§ **Supplied data**:

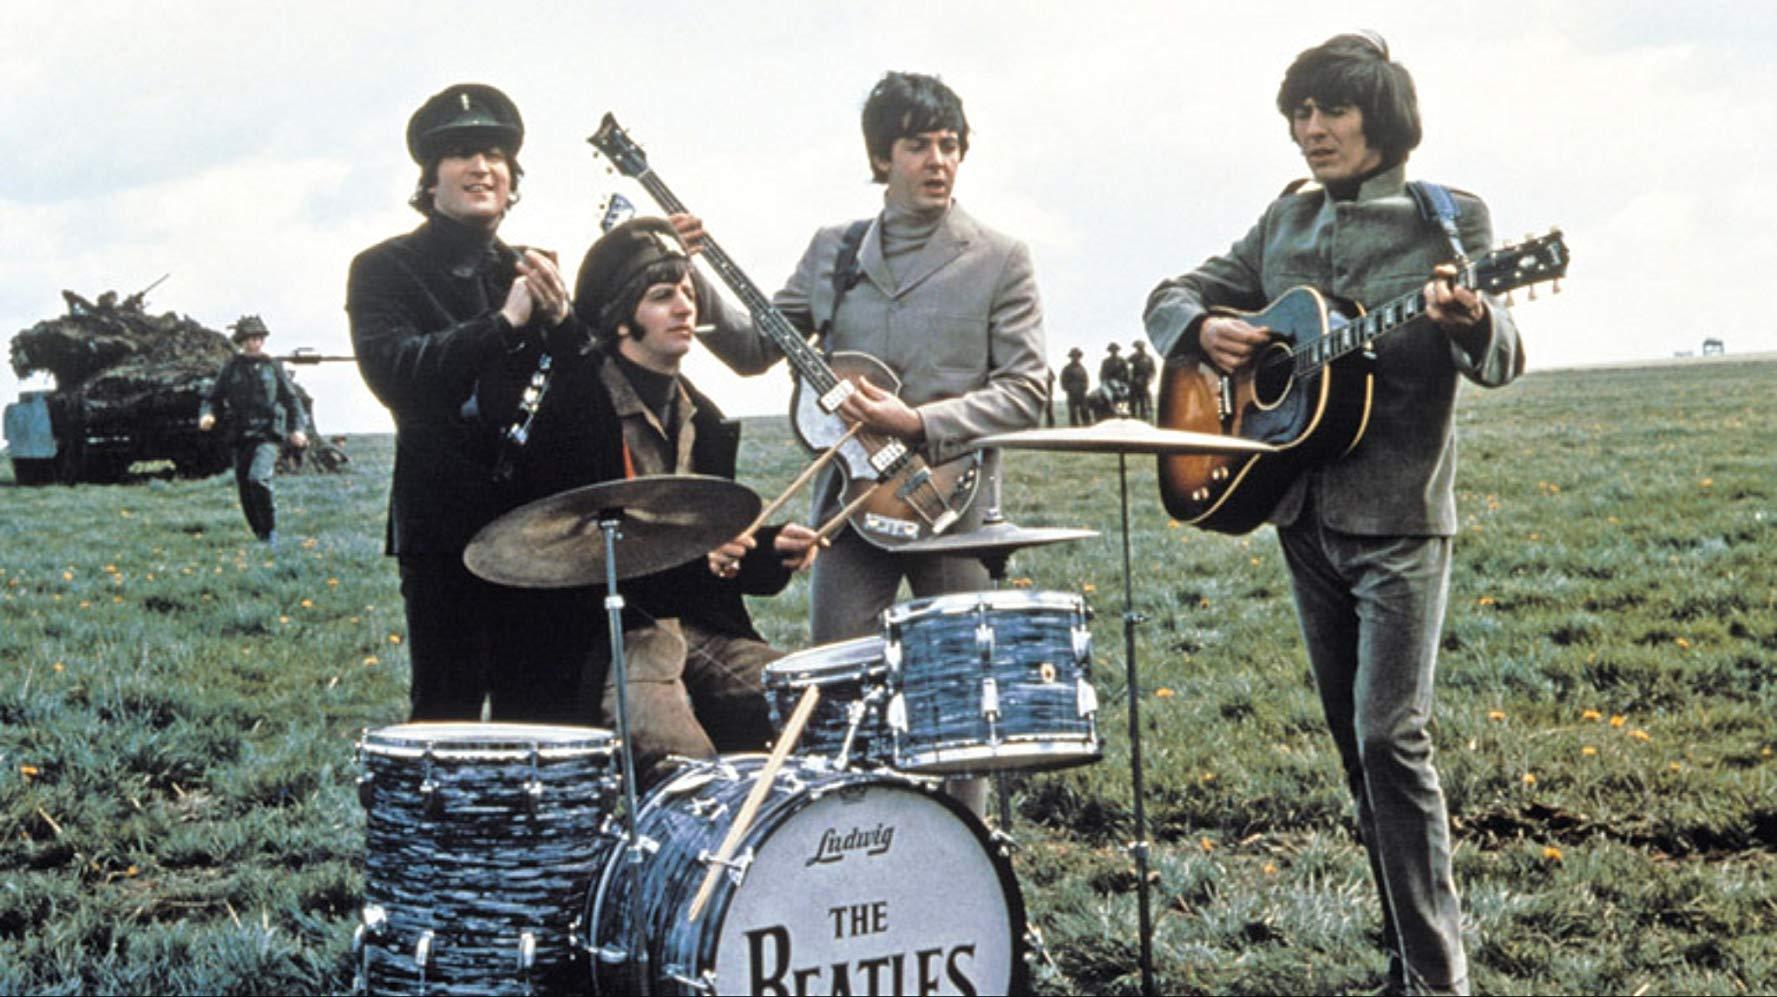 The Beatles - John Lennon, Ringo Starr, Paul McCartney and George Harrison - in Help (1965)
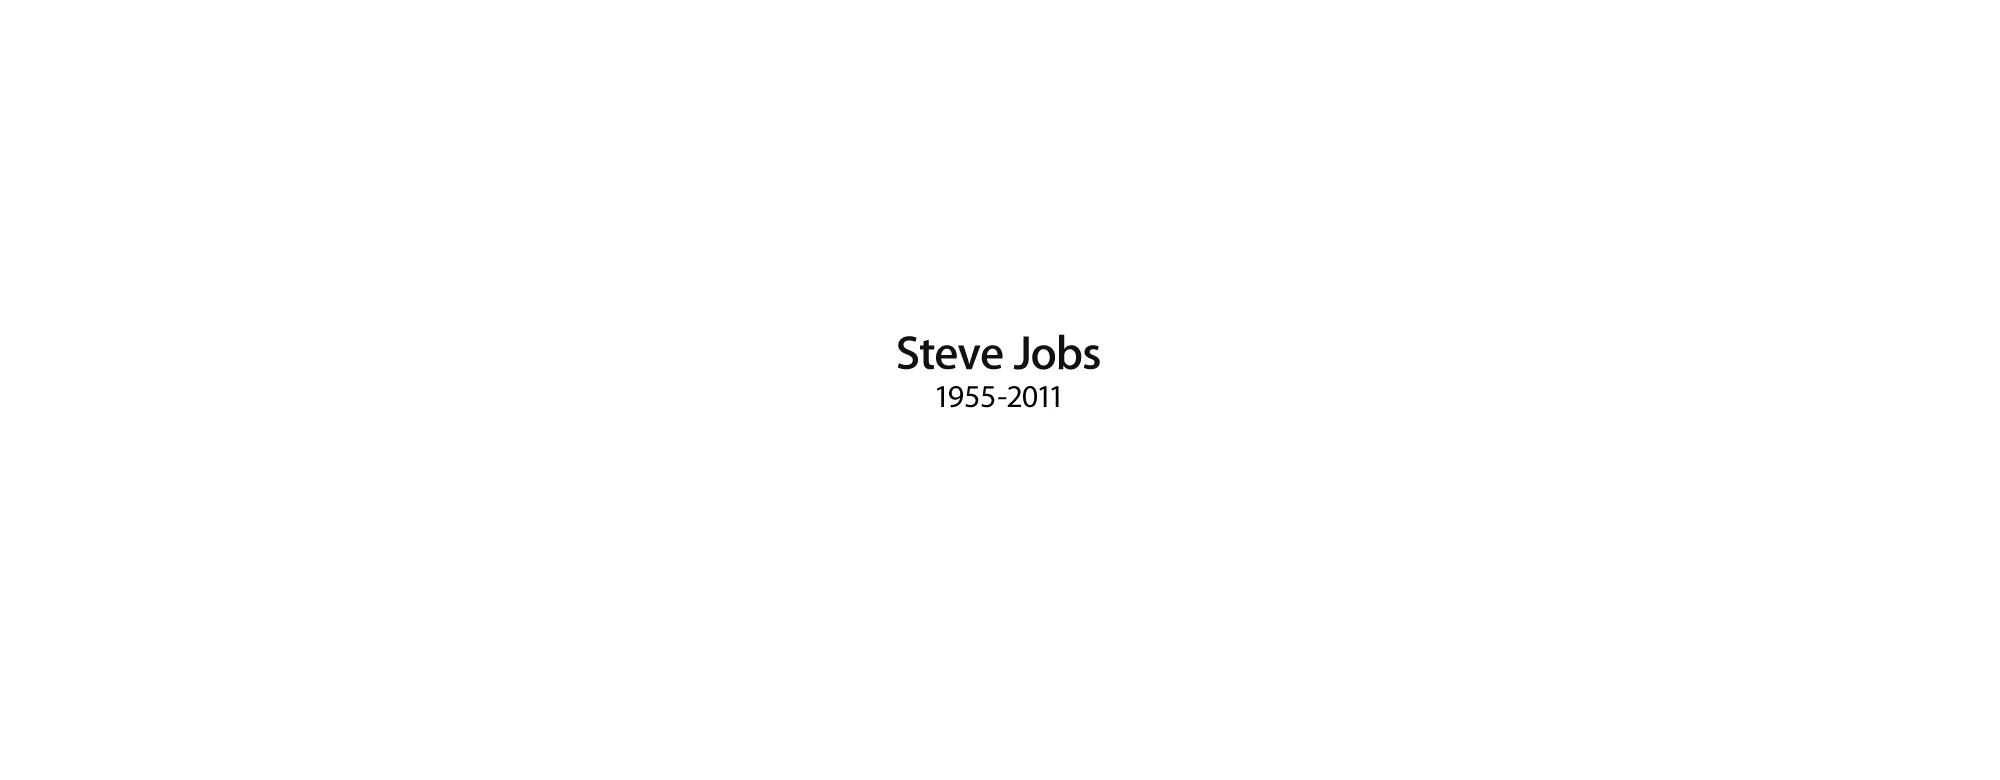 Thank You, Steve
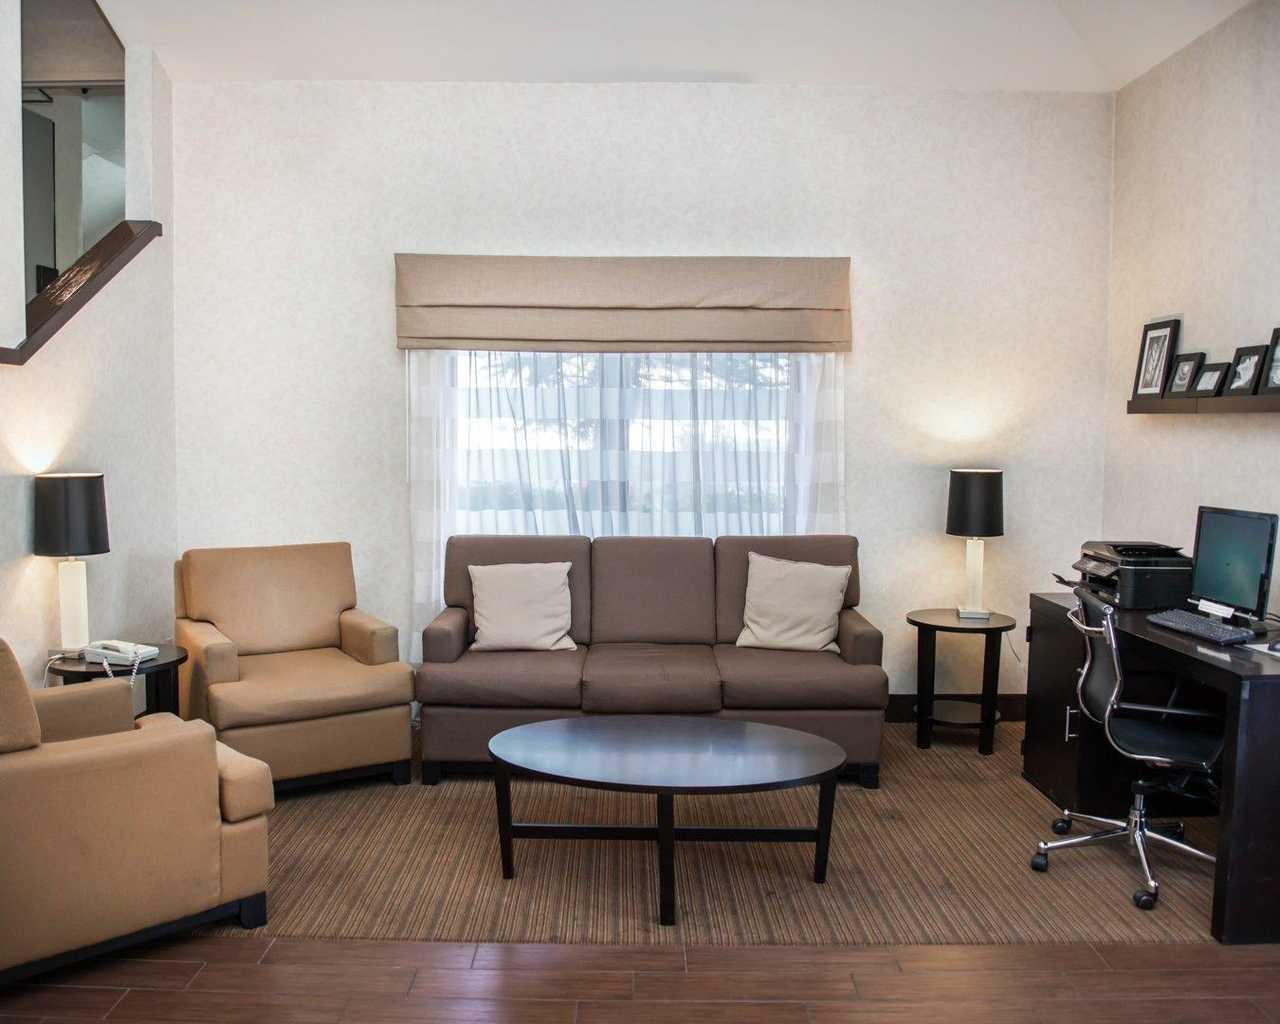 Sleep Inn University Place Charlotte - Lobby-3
...
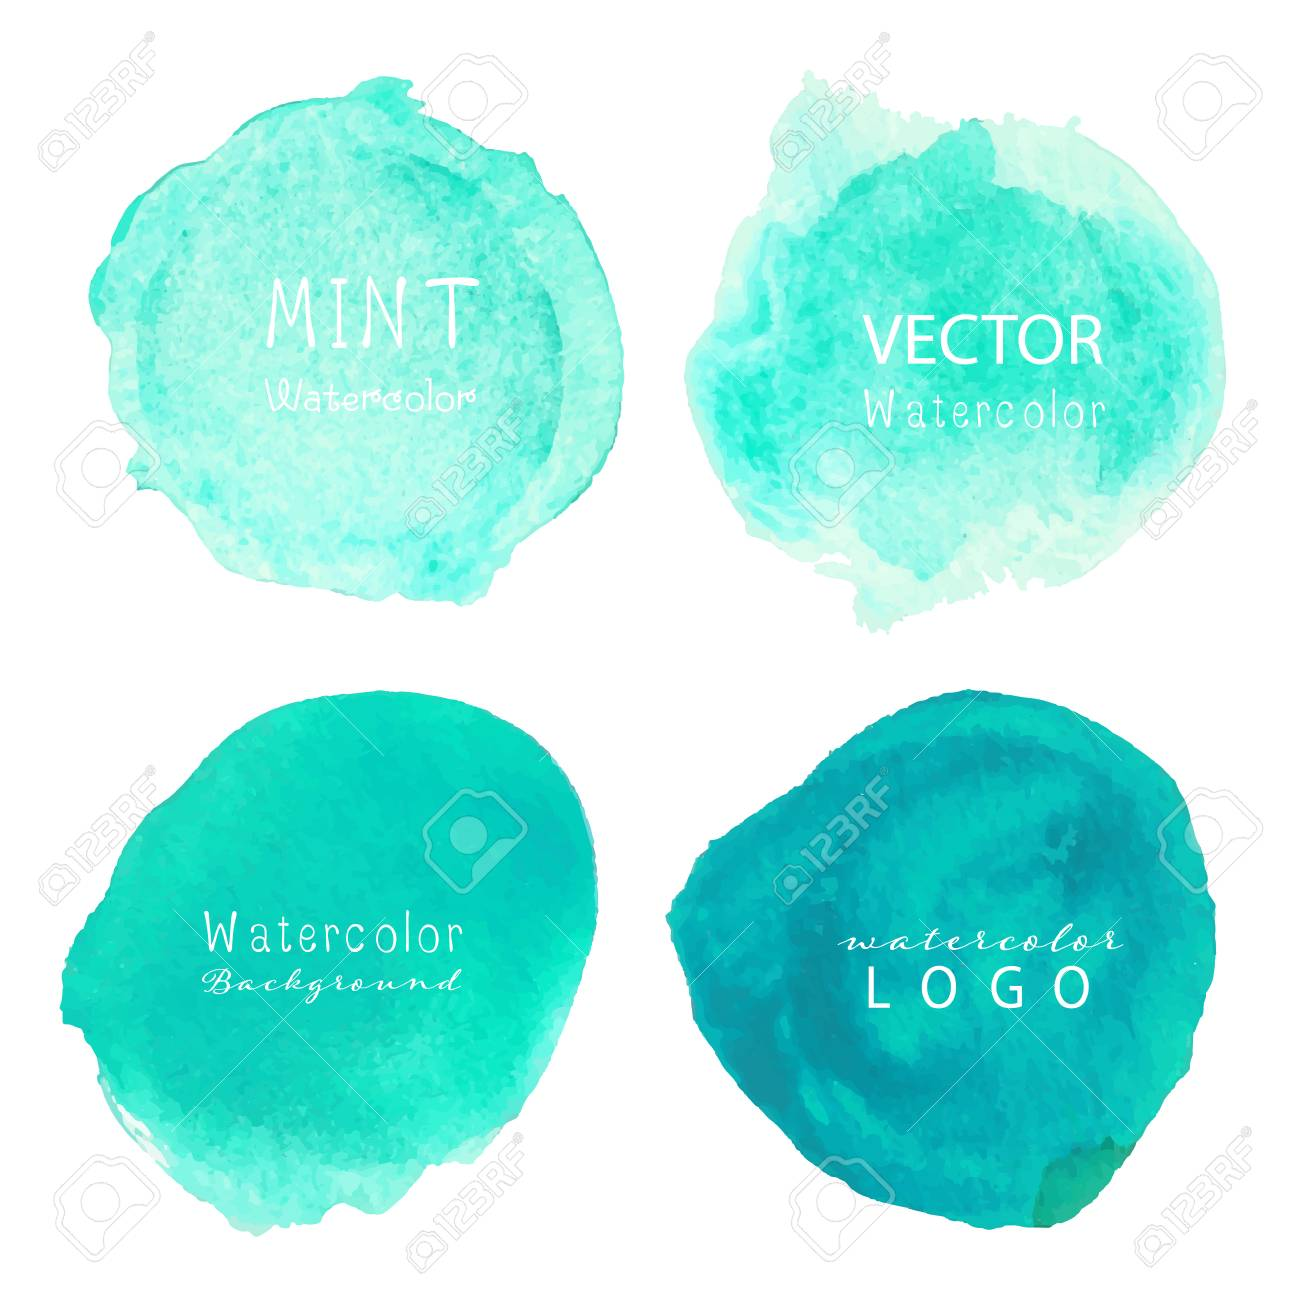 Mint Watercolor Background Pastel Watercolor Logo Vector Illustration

§ **Directions**: Copy out exactly the lines above beginning with the line that contains "The Beatles - John" and finishing with the line that contains "Sleep Inn University", including both; leave the pictures out.

§ **Answer to the exercise**:
 The Beatles - John Lennon, Ringo Starr, Paul McCartney and George Harrison - in Help (1965)
 Thank You, Steve
 Sleep Inn University Place Charlotte - Lobby-3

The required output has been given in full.